Requirement. Write the listing below out again word for word, without a single picture.

Provided material.

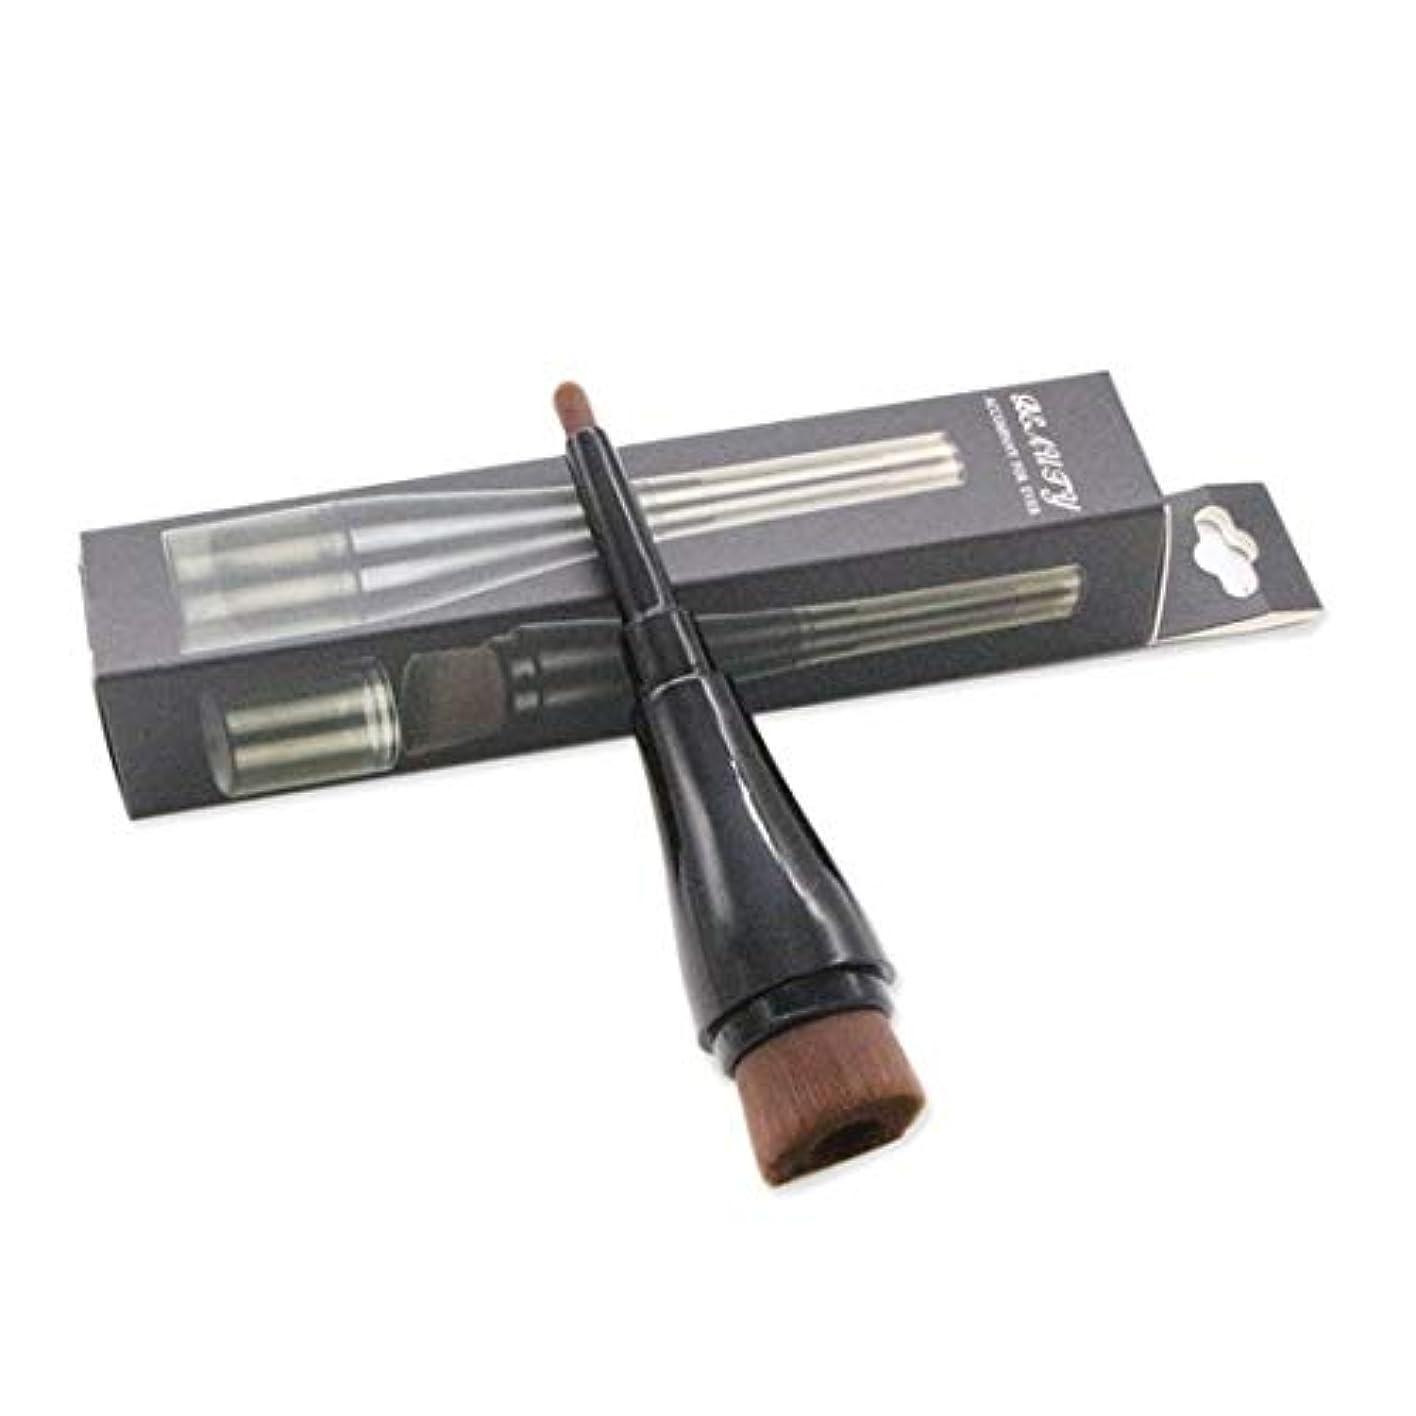 荷物スポンサー患者Makeup brushes ダブルヘッド化粧ブラシ旅行財団ブラシアイシャドウブラシ修理容量コンシーラーカバー付き suits (Color : Black)
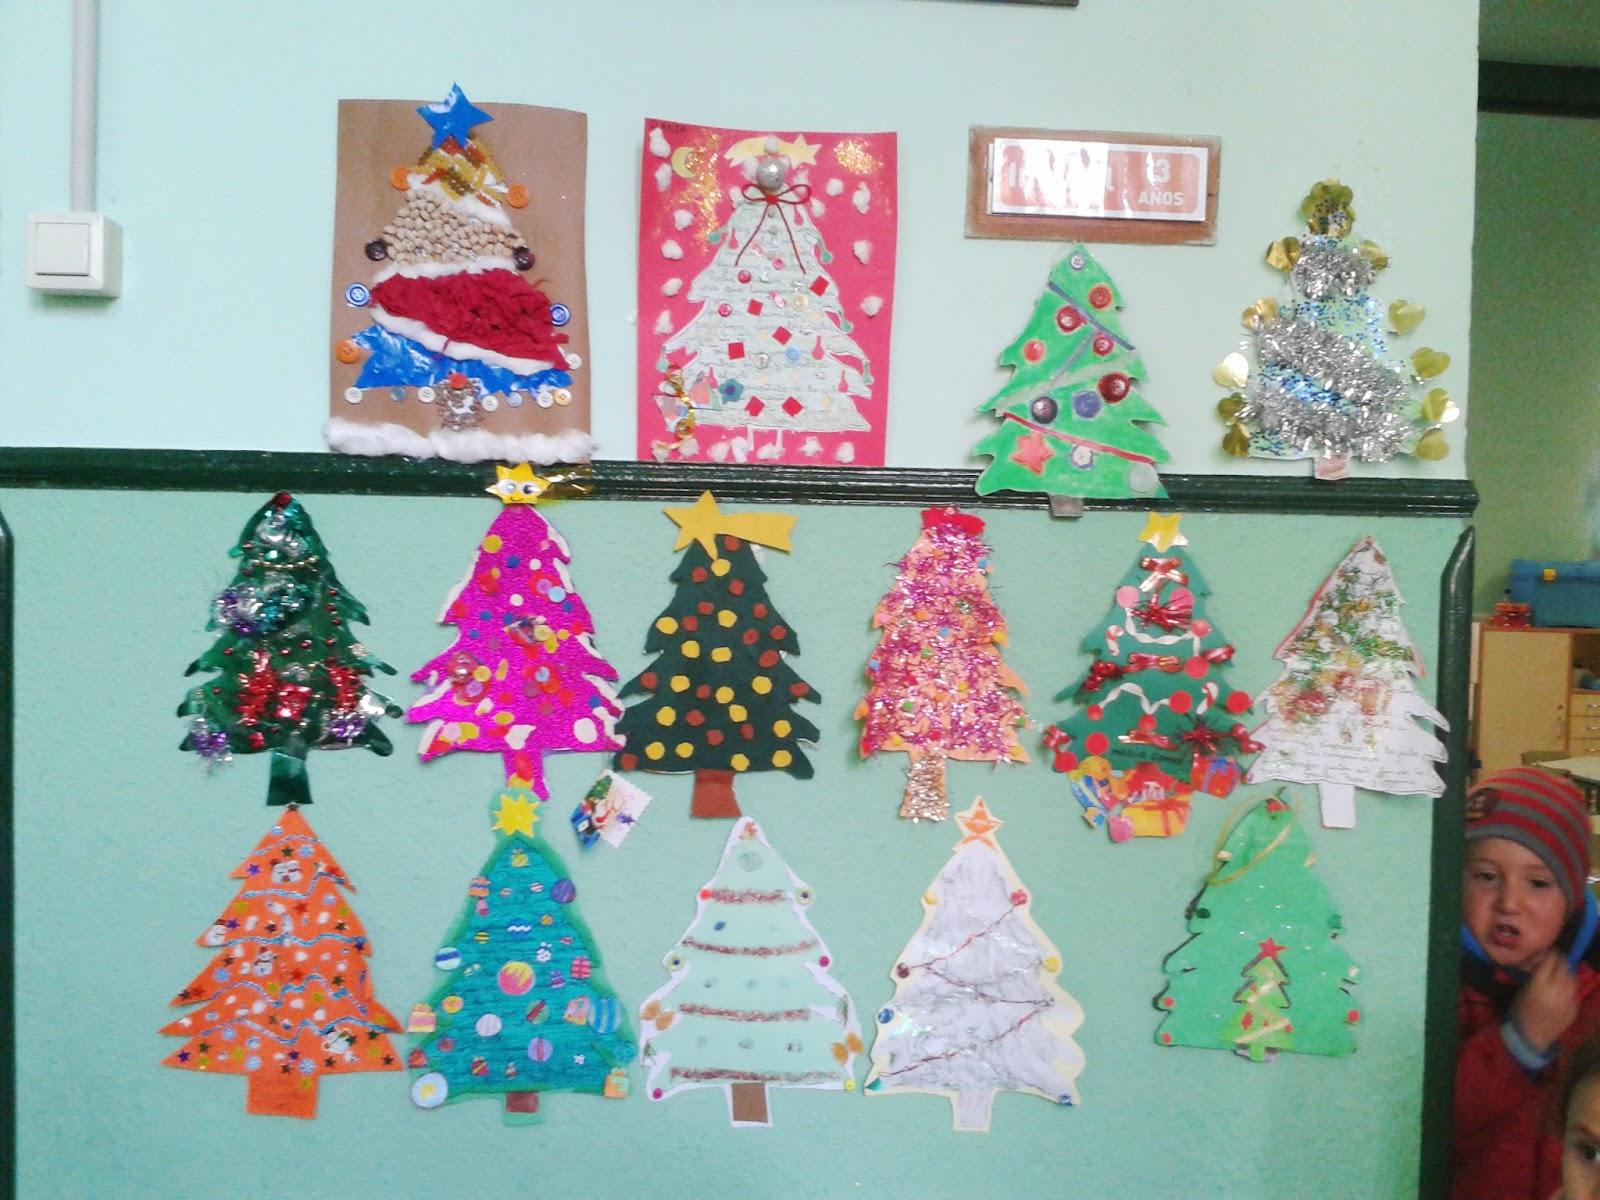 Los peques de feli rboles navide os - Mural navidad infantil ...
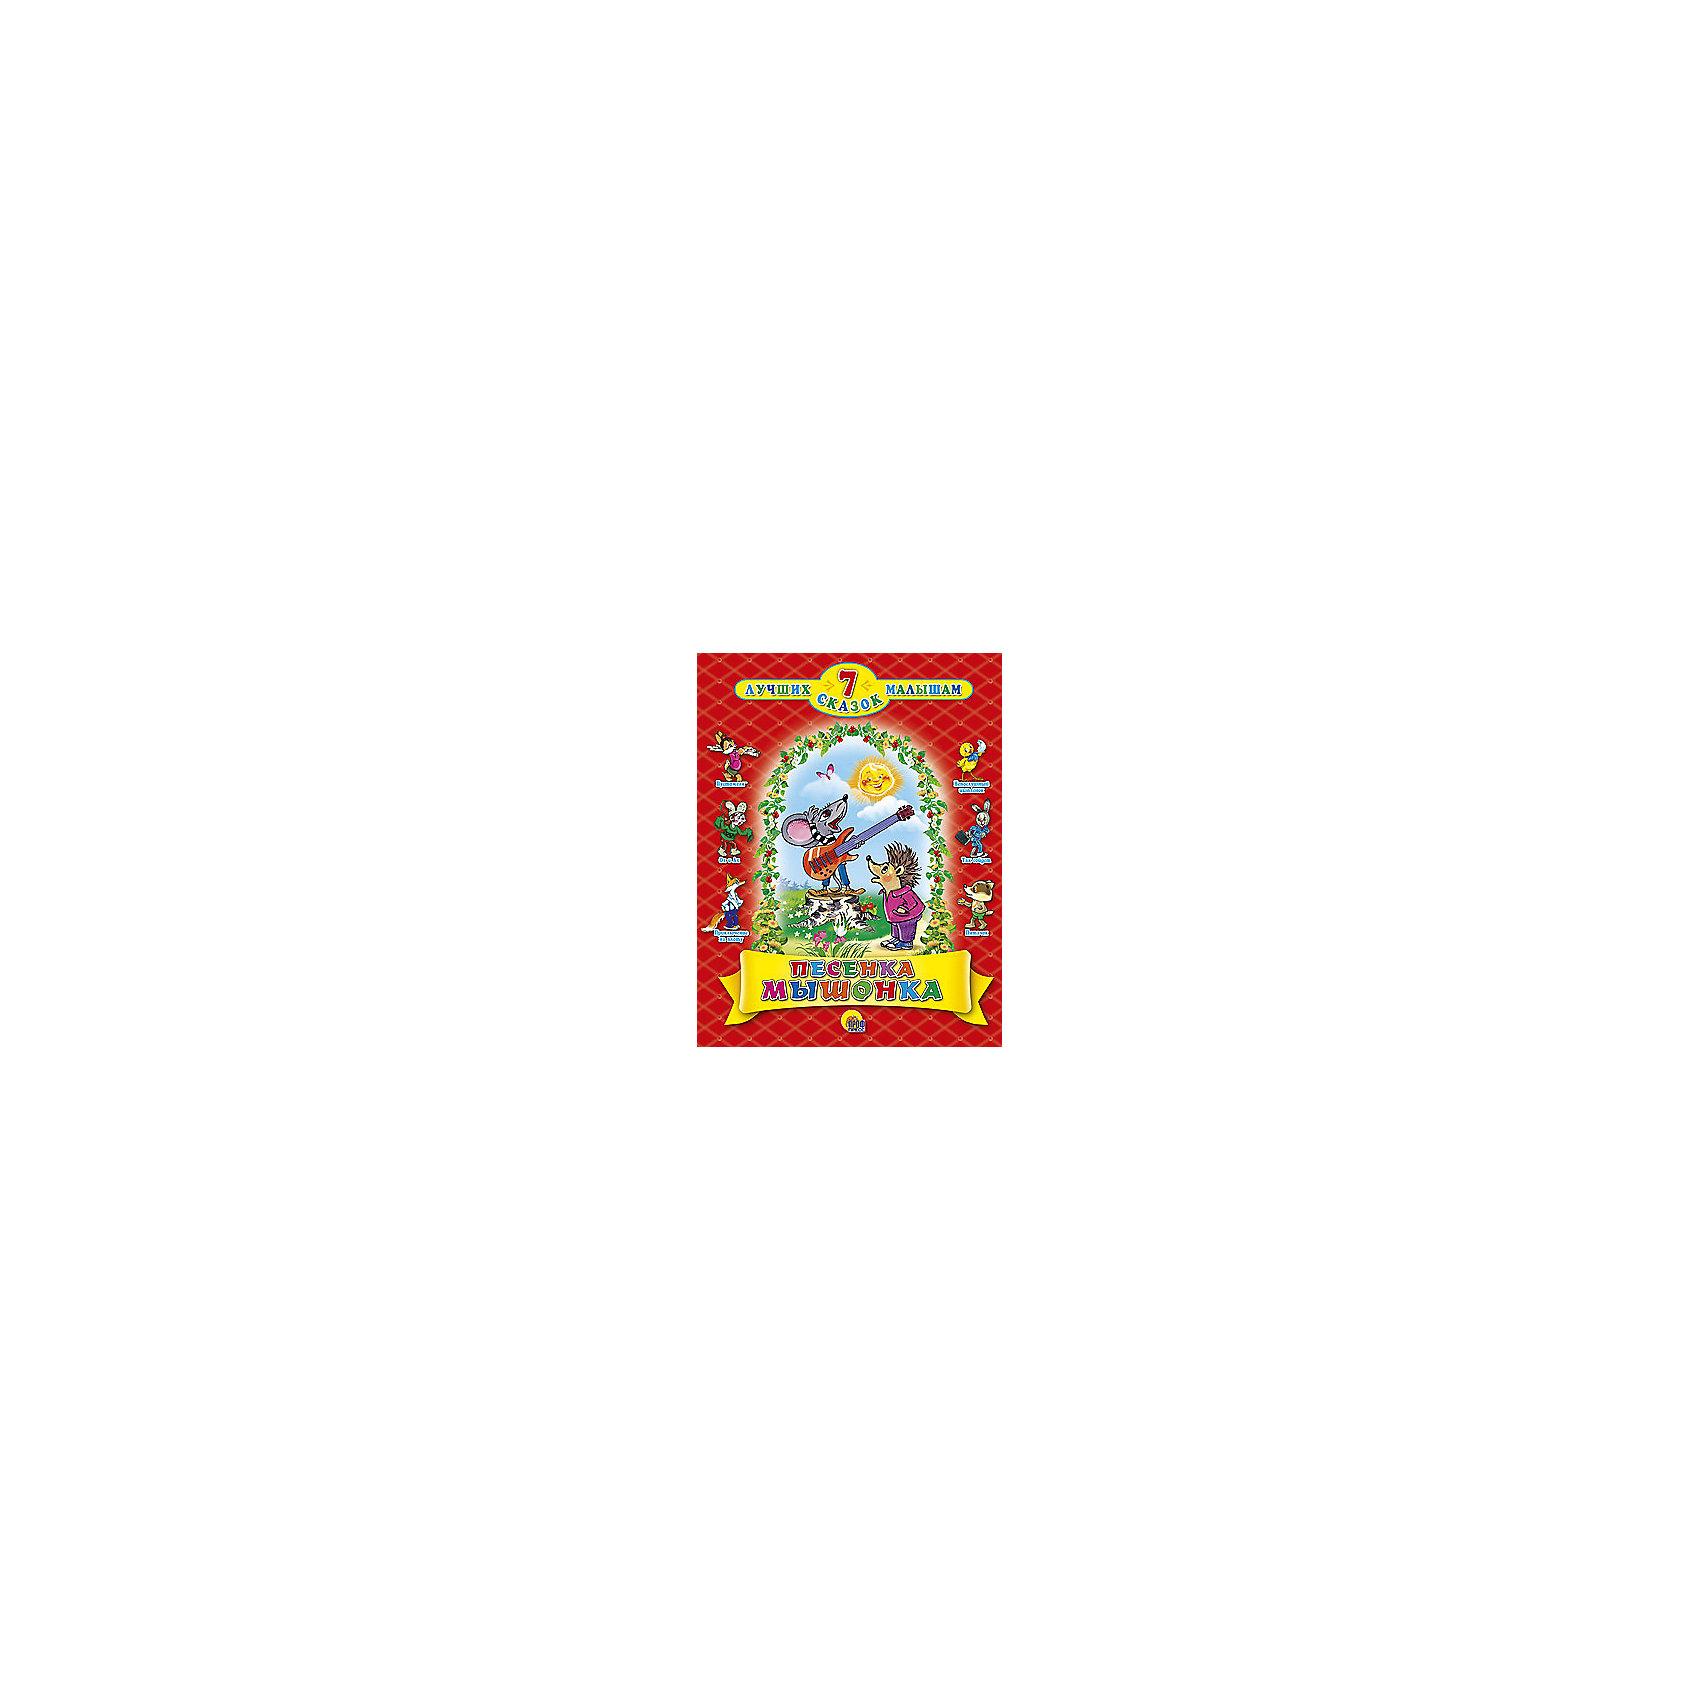 Песенка мышонка (10 шт), 7 сказокБлагодаря книге Песенка мышонка ребенок сможет встретиться с любимыми героями мультфильмов, ведь сказки в этой книге написаны по известным советским мультфильмам и украшены иллюстрациями, созданными художниками, которые принимали участие в создании этих мультиков. Вы наверняка знаете веселую песенку Какой чудесный день? Теперь чтобы ее спеть, достаточно открыть книгу и в голове сразу заиграет знакомая мелодия. Такую книжку малыш точно будет читать с удовольствием!<br>Дополнительная информация:<br>Издательство: Проф-Пресс<br>Год выпуска: 2016<br>Серия: 7 лучших сказок малышам<br>Обложка: твердый переплет<br>Иллюстрации: цветные<br>Количество страниц: 80<br>ISBN:978-5-378-02983-9<br>Размер: 25,5х1х20 см<br>Вес: 310 грамм<br>Книгу Песенка мышонка можно купить в нашем интернет-магазине.<br><br>Ширина мм: 200<br>Глубина мм: 10<br>Высота мм: 255<br>Вес г: 310<br>Возраст от месяцев: 0<br>Возраст до месяцев: 36<br>Пол: Унисекс<br>Возраст: Детский<br>SKU: 4905877

Task output.
 荷物スポンサー患者Makeup brushes ダブルヘッド化粧ブラシ旅行財団ブラシアイシャドウブラシ修理容量コンシーラーカバー付き suits (Color : Black)
 Los peques de feli rboles navide os - Mural navidad infantil ...
 Песенка мышонка (10 шт), 7 сказокБлагодаря книге Песенка мышонка ребенок сможет встретиться с любимыми героями мультфильмов, ведь сказки в этой книге написаны по известным советским мультфильмам и украшены иллюстрациями, созданными художниками, которые принимали участие в создании этих мультиков. Вы наверняка знаете веселую песенку Какой чудесный день? Теперь чтобы ее спеть, достаточно открыть книгу и в голове сразу заиграет знакомая мелодия. Такую книжку малыш точно будет читать с удовольствием!<br>Дополнительная информация:<br>Издательство: Проф-Пресс<br>Год выпуска: 2016<br>Серия: 7 лучших сказок малышам<br>Обложка: твердый переплет<br>Иллюстрации: цветные<br>Количество страниц: 80<br>ISBN:978-5-378-02983-9<br>Размер: 25,5х1х20 см<br>Вес: 310 грамм<br>Книгу Песенка мышонка можно купить в нашем интернет-магазине.<br><br>Ширина мм: 200<br>Глубина мм: 10<br>Высота мм: 255<br>Вес г: 310<br>Возраст от месяцев: 0<br>Возраст до месяцев: 36<br>Пол: Унисекс<br>Возраст: Детский<br>SKU: 4905877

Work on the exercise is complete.